ROSTOCK, Germany — It was barely noon, but Steffen Bockhahn’s phone had not stopped ringing with people wanting to know if they qualified for a vaccination, and if not now, when?
Days earlier Germany had changed its guidance on who qualified for vaccines, resulting in a seemingly endless stream of questions from worried local residents for Mr. Bockhahn, the health minister for this port city in Germany’s northeast.
“No, I’m sorry, but we are not allowed to vaccinate anyone in Category 2 yet, only those nurses or other care givers are who are in the first priority group,” he told a caller. “You have to wait.”
More than two months into the country’s second full lockdown, people across Germany are growing tired of waiting, whether for vaccines, getting their government compensation, or a return to normalcy. It’s a disheartening comedown.
At the start of the pandemic, Germany showed itself to be a global leader in dealing with a once-in-a-century public heath crisis. Chancellor Angela Merkel forged a consensus on a lockdown. Her government’s testing and tracing tools were the envy of European neighbors. The country’s death and infection rates were among the lowest in the European Union. And a generally trustful population abided by restrictions with relatively muted grumbling.
No more. In the virus’s second wave, Germany now finds itself swamped like everyone else. A host of tougher new restrictions has stretched on, amid loud complaints, and even occasional protests before everything was shut down again. Still, infection rates hover around 10,000 new cases per day.
And as fears grow over the new variants first identified in England and South Africa, Germany’s vaccination program, lashed to the fortunes of the European Union, has floundered. Only 3.5 percent of Germans have received their first shots, and just 2 percent, roughly, have been fully immunized.
A survey by the Pew Research Center shows that while more Germans feel confident in their country’s handling of the pandemic than Americans or Britons, their approval dropped 11 percentage points between June and December 2020.
The mood has only soured further as Germans watch other countries, especially Britain, step up their vaccination campaigns with the Pfizer-BioNTech vaccine — developed with the help of German taxpayers — while they have been left waiting for doses to arrive.

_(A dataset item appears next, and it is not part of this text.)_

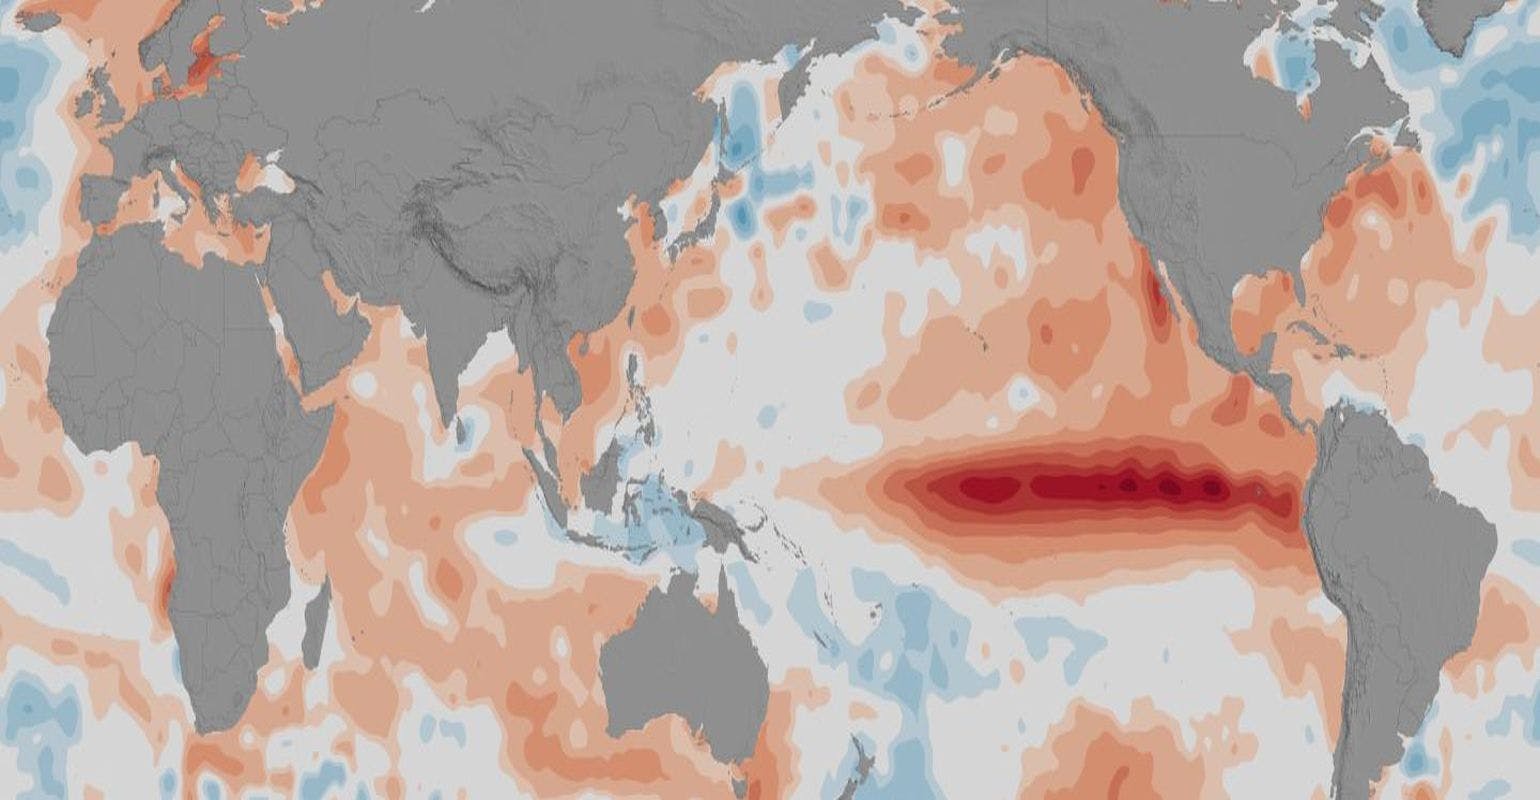 2015-2016 El Niño Triggered Disease Outbreaks Across Globe

Beyond that, mayors are warning of the death of inner cities if small stores are not allowed to reopen. Some states have reopened schools, while others remain shuttered. Doctors are warning of the lockdown’s lasting psychological damage to children.
Parents are frustrated with the lack of support for online learning. Germany’s stringent data protection laws prevent Germans from using U.S.-based digital learning platforms, but local solutions do not always function smoothly. In many public schools, education now consists of teachers sending lessons as email attachments for students to work through on their own.
Ms. Merkel has done her best to buck up a weary public. Over the past month, the normally reserved chancellor has chatted by video with overwhelmed families, appeared before the Berlin news corps and given two interviews on prime time television.
“I wish that I had something good to announce,” she said, addressing the nation.